■ Activity
Once the images are set aside, print the remaining lines below exactly.

■ Given data
• • •

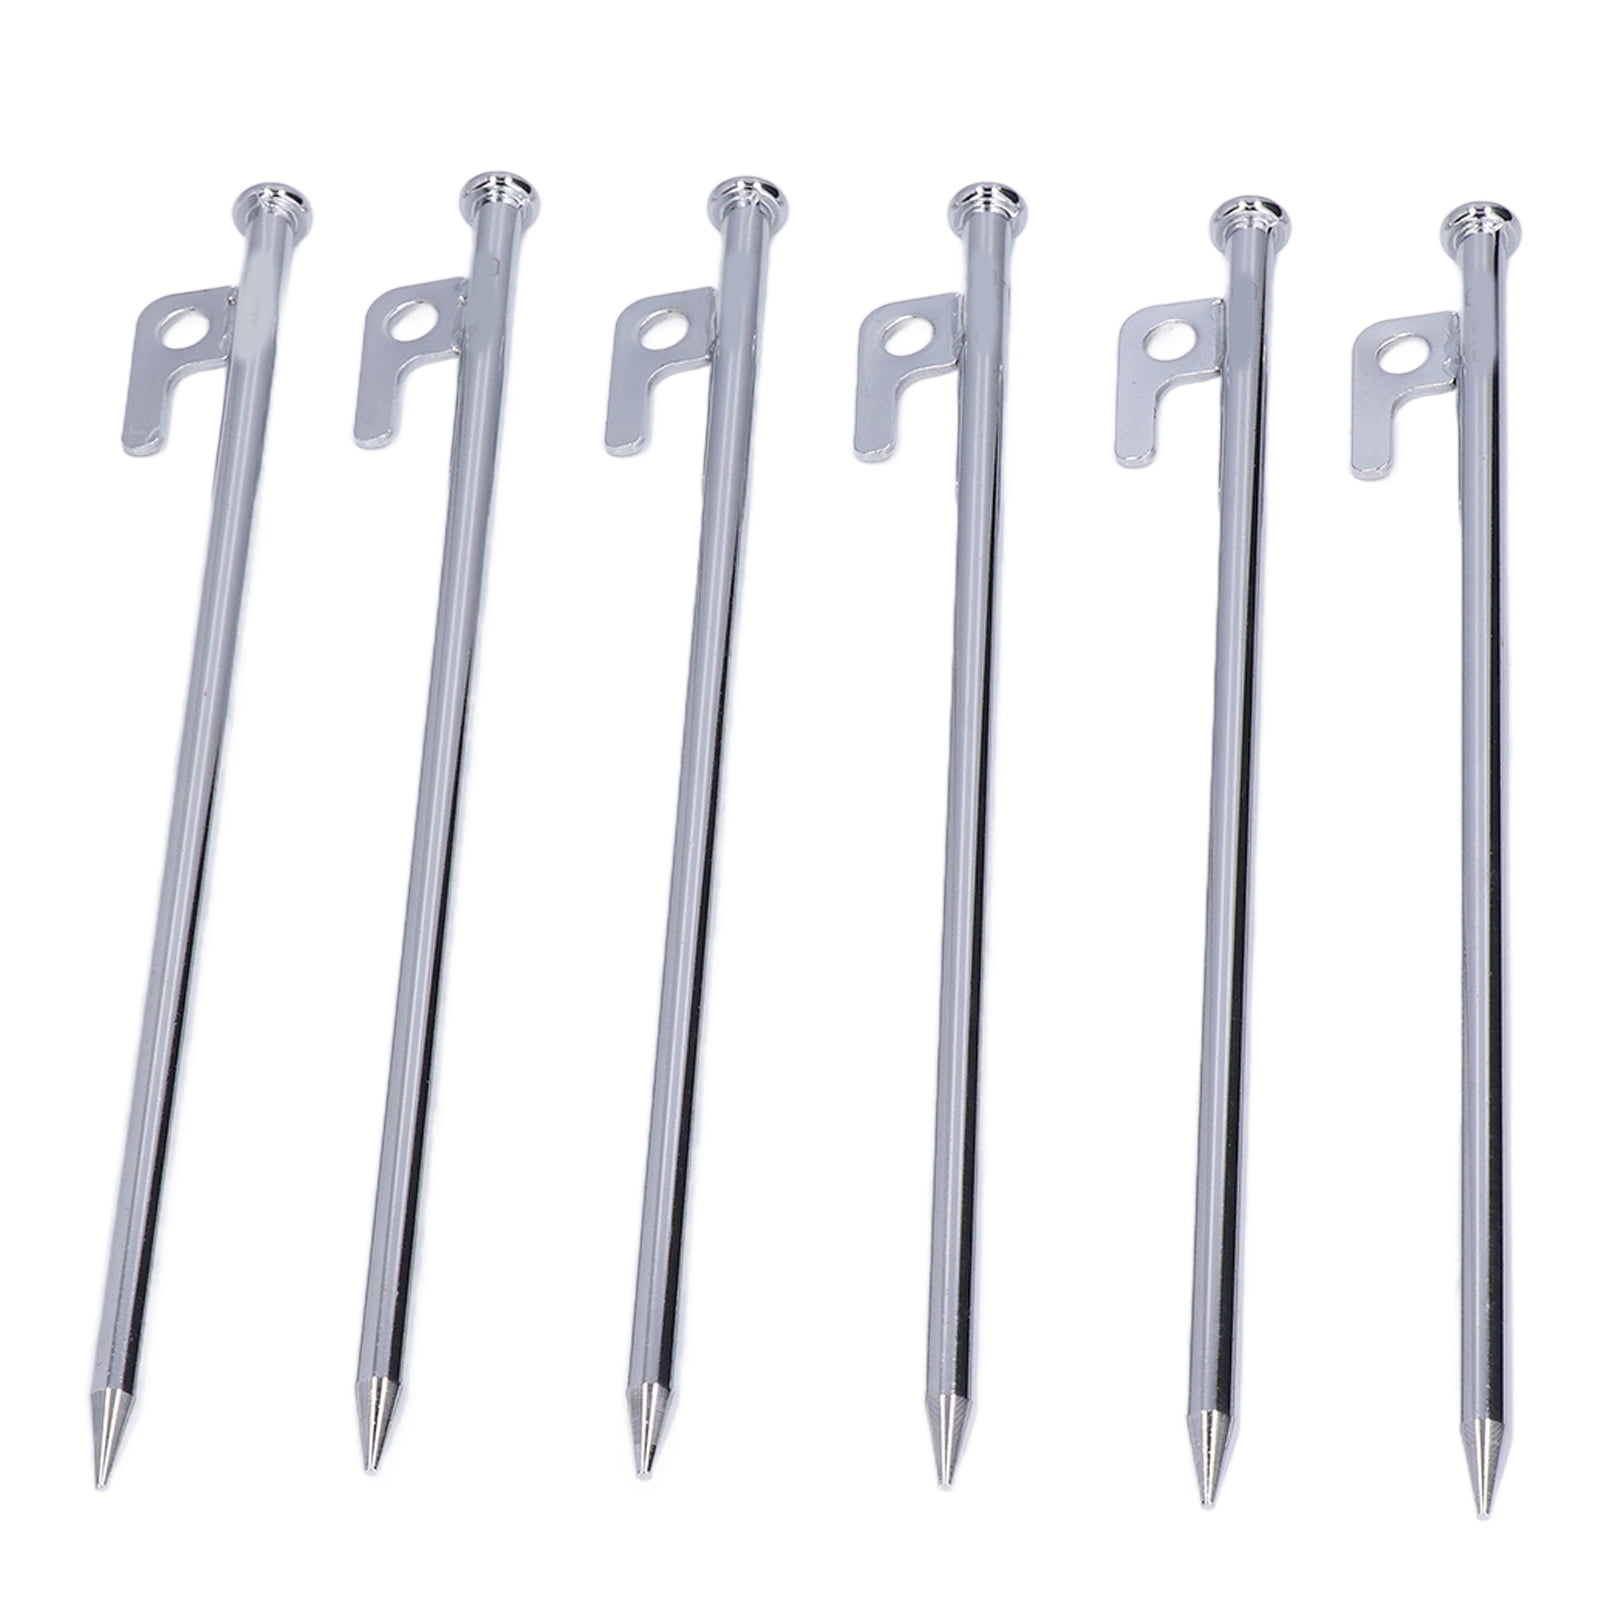 Pegs Camping 2 New Sets of 4 Coleman 9-in Heavy Duty Aluminum Tent Stakes 
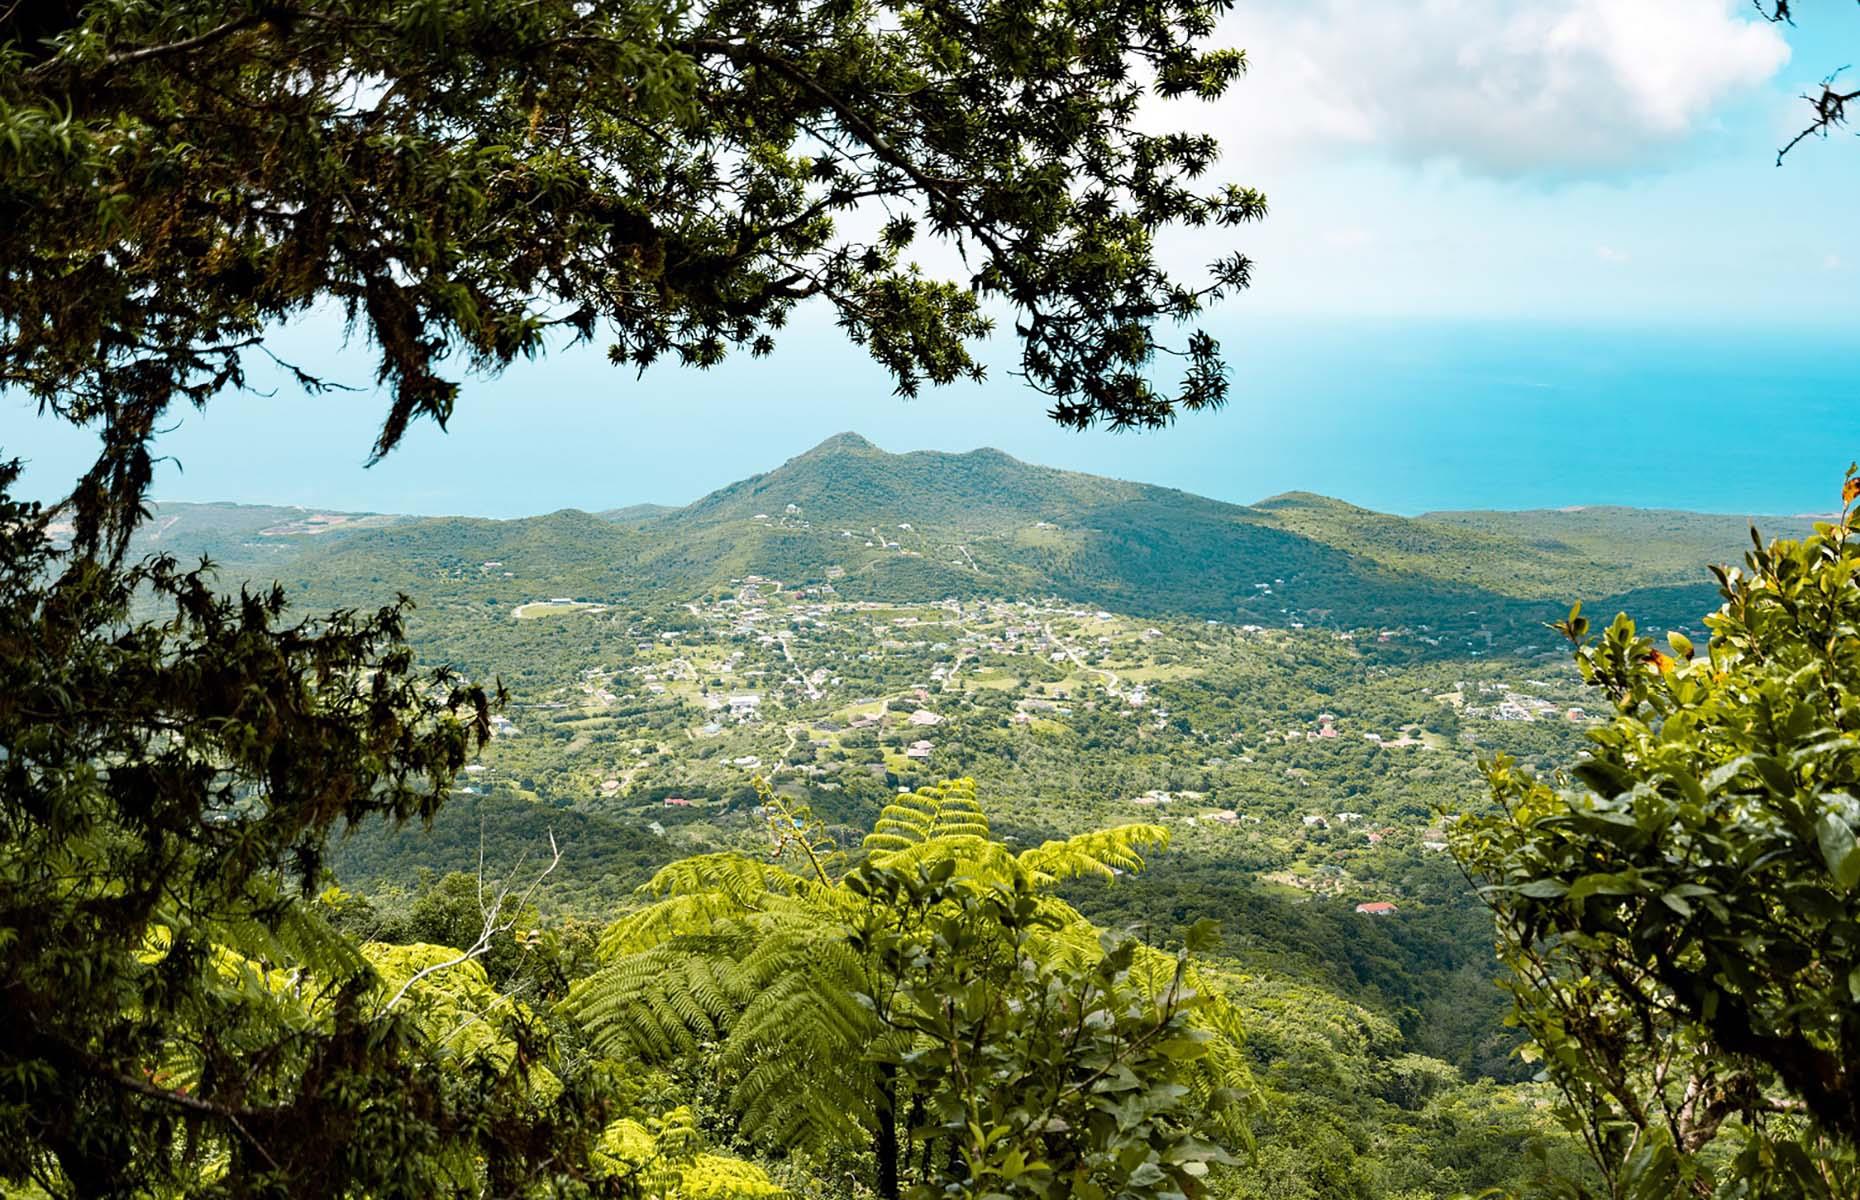 <p>Looming up from the center of the island, it’s impossible to ignore the cloud-shrouded, jungle-clad Mt Nevis – a 3,182-foot (970m) dormant volcano that you can scale with the help of a guide. The hike starts off slow, with a gradual incline and leaf-scattered terrain, but don’t be deceived; sooner rather than later, the going gets tough. The at-times devilishly difficult, near-vertical ascent is filled with rocks and roots to scramble over, with muddy ropes on hand at the trickiest moments to assist with the climb. Persevere through it, though, and you’ll be rewarded with truly remarkable views over the island – and a sense of achievement that can’t be beat.</p>
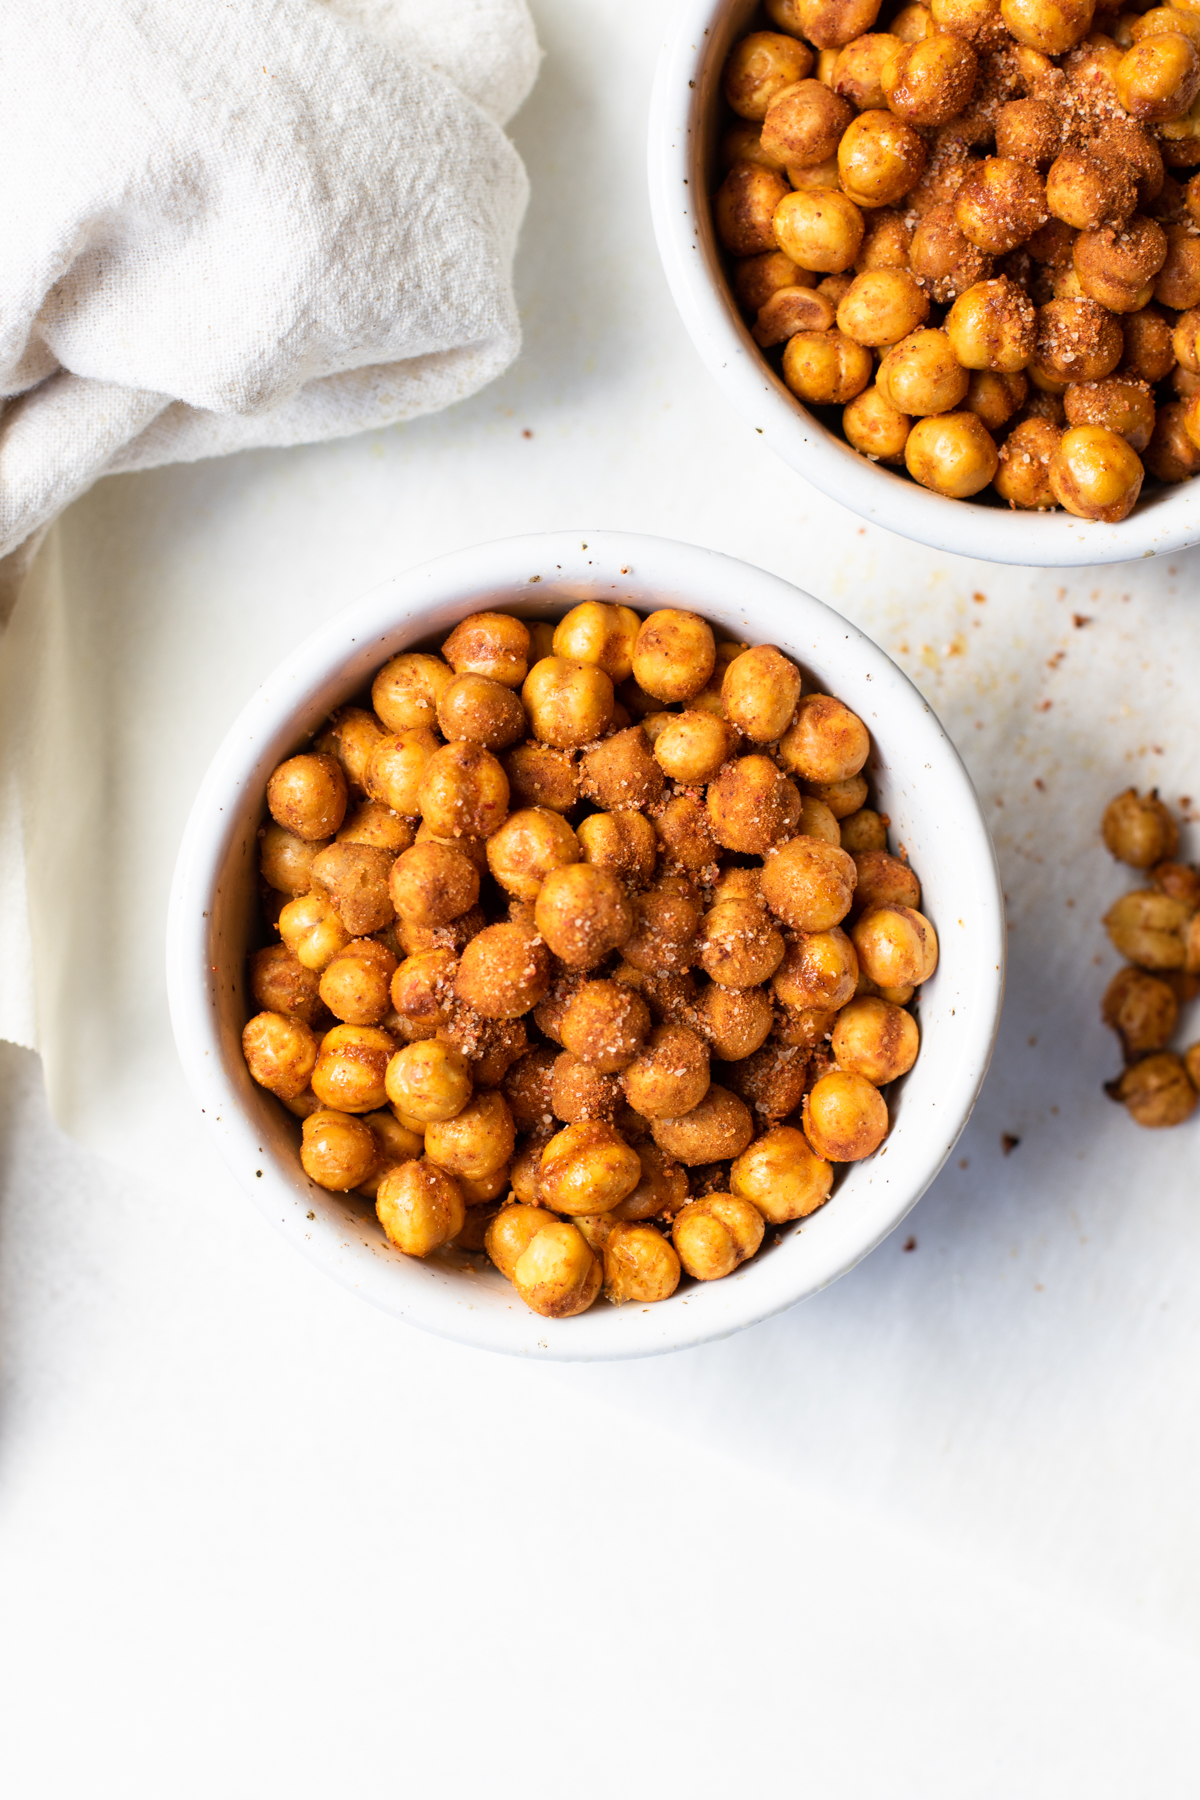 Overhead view of air fryer chickpeas in a white bowl with beige napkin.

• • •

■ Task result
 Pegs Camping 2 New Sets of 4 Coleman 9-in Heavy Duty Aluminum Tent Stakes 
 <p>Looming up from the center of the island, it’s impossible to ignore the cloud-shrouded, jungle-clad Mt Nevis – a 3,182-foot (970m) dormant volcano that you can scale with the help of a guide. The hike starts off slow, with a gradual incline and leaf-scattered terrain, but don’t be deceived; sooner rather than later, the going gets tough. The at-times devilishly difficult, near-vertical ascent is filled with rocks and roots to scramble over, with muddy ropes on hand at the trickiest moments to assist with the climb. Persevere through it, though, and you’ll be rewarded with truly remarkable views over the island – and a sense of achievement that can’t be beat.</p>
 Overhead view of air fryer chickpeas in a white bowl with beige napkin.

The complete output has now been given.